We had earlier observed that optimal supplementation of pathway related genes can be accomplished even without induction, since the leaky expression associated with plasmid based genes is enough to ensure an adequate supply of protein[59]. To confirm this, test cultures were either induced or left uninduced for glpDK expression while being induced for L-asparaginase. Interestingly we observed a higher decline in growth rates 7 hour post induction for the test cultures compared to the control (Fig. 7(a)). This happened in spite of a superior glycerol uptake rate for both test cultures, indicating that the higher substrate consumption by cells was utilized primarily to enhance the flux towards product formation rather than growth (Fig. 7(b)). Also, the uninduced test culture performed significantly better in terms of both growth and product concentrations (Fig. 7(c)) demonstrating that the ideal supplementation levels of glpDK were achieved by simply allowing basal level expression of these genes.

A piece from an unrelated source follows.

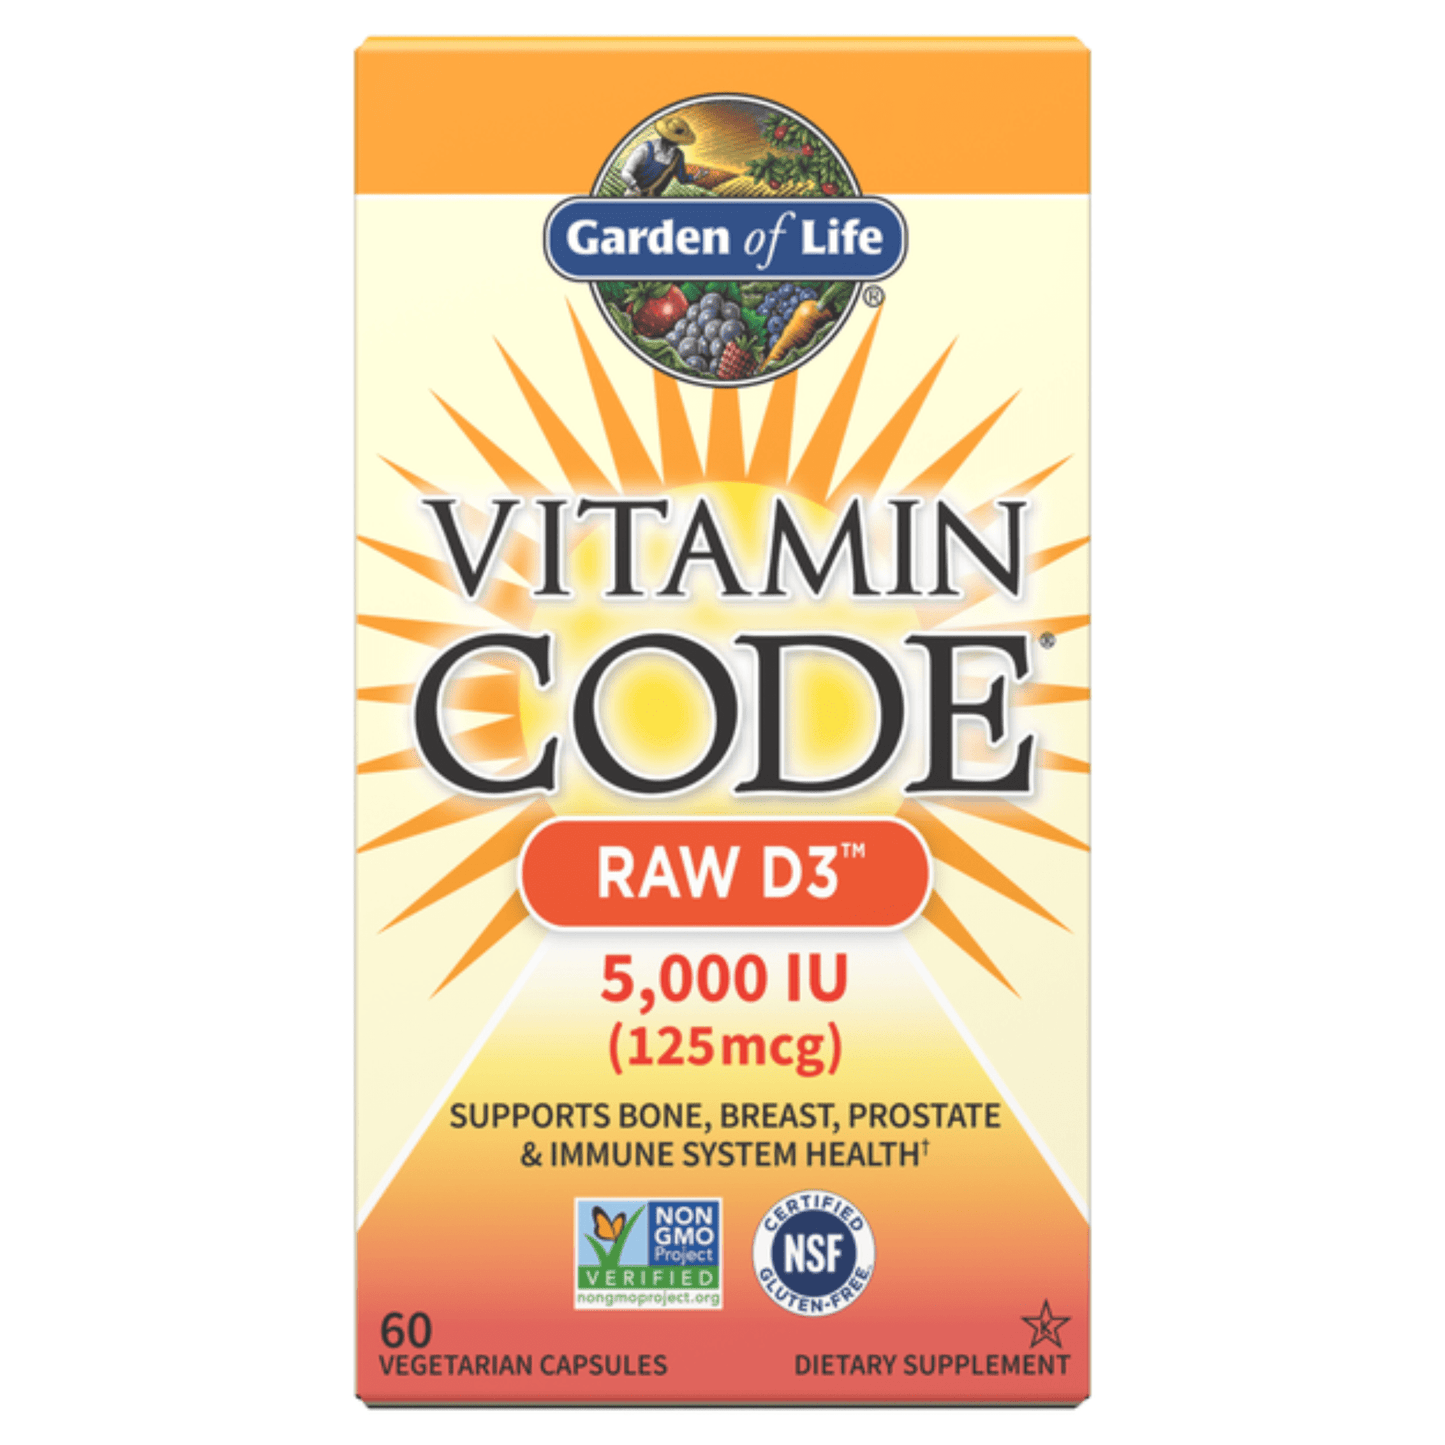 Primary Image of Vitamin Code Raw D3 5000IU

Since the residual glycerol got completely exhausted within 7 hours post induction, we decided to pulse the growing cultures with glycerol. Both control and test flasks were induced with IPTG at an O.D. of ~ 1.5-2. After 6 hours post induction, a glycerol pulse was given to both control and test flasks and repeated every three hours till 12 hours post induction. A final pulse was given 21 hours post induction to check whether the cells retained their substrate uptake capability even after the onset of stationary phase. This higher availability of glycerol did not significantly alleviate the growth rate of the test culture but unlike the previous case no sharp fall in O.D.600 was observed for the test flasks (Fig. 8(a)). Residual glycerol profiles showed that the substrate uptake capability of the test cultures remained high till 12 hours post induction and then declined gradually (Fig. 8(b)) with the cells not being able to consume glycerol after the onset of stationary phase. The product concentration increased from being 1.72 folds higher to being 2.3 folds higher than control (Fig. 8(c)), underscoring the fact that the potential of this strain is truly realized when glycerol is available in the medium. It should be noted that the actual product formation ability per unit biomass was considerably greater for the test strain. Also the control used in this experiment was the DKO strain which had been previously shown to give > 2-fold higher expression of L-asparaginase compared to the unmodified host[23], so the net improvement in yield over the unmodified host was much higher.